Rising oil prices due to escalating tensions in the Iran war may counteract the economic boost from President Donald Trump's proposed 'big beautiful bill' tax refunds. Markets are pricing in heightened energy risks and inflation concerns.

  • Iran war escalation is driving higher crude oil prices (CL=F).
  • Higher gas prices may offset benefits of Trump's proposed tax refunds.
  • CBOE Volatility Index (^VIX) is rising amid geopolitical uncertainty.
  • Energy sector ETF XLE is reacting to oil price volatility.
  • Fiscal stimulus may be undermined by inflationary pressures from energy costs.
  • Geopolitical risk is creating a macro policy contradiction.

Escalating conflict in the Middle East has pushed crude oil prices higher, creating headwinds for the planned fiscal stimulus from President Donald Trump’s 'big beautiful bill.' As geopolitical tensions increase, energy markets are reacting with volatility, particularly in the crude oil futures market tracked by CL=F. The rise in fuel costs could erode the purchasing power of households targeted by larger tax refunds, diminishing the intended economic lift.

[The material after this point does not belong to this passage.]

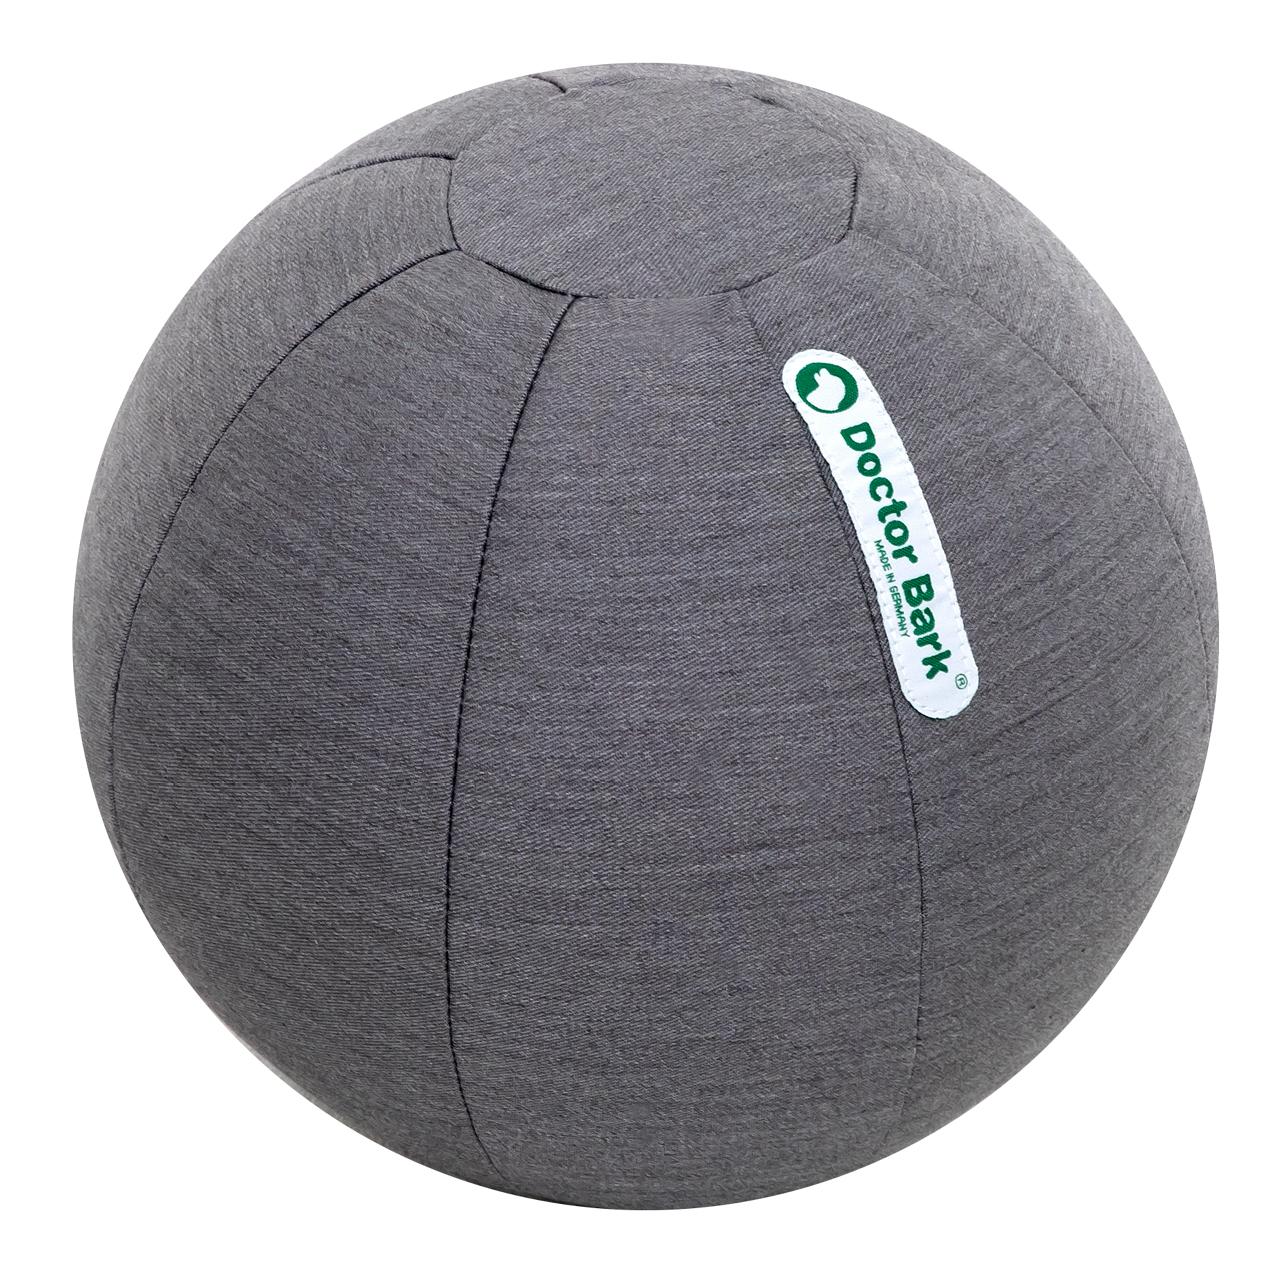 Toy Ball L grau

The broader market is responding with caution. The CBOE Volatility Index (^VIX) has seen upward pressure, signaling growing investor unease over inflation and supply shocks. Energy stocks, represented by XLE, are showing increased sensitivity to the geopolitical risk, reflecting investor concerns about sustained higher oil prices. While the 'big beautiful bill' aims to deliver significant tax refunds, the concurrent surge in gasoline prices may reduce their real-world impact. Consumers could see less disposable income despite higher refunds, weakening the bill’s stimulative effect. This divergence between fiscal policy and energy market dynamics presents a complex macroeconomic challenge. The interplay between defense-related spending, energy markets, and fiscal stimulus underscores the fragility of economic forecasts in times of conflict. Market participants now weigh the potential for inflationary pressures against the promise of tax relief.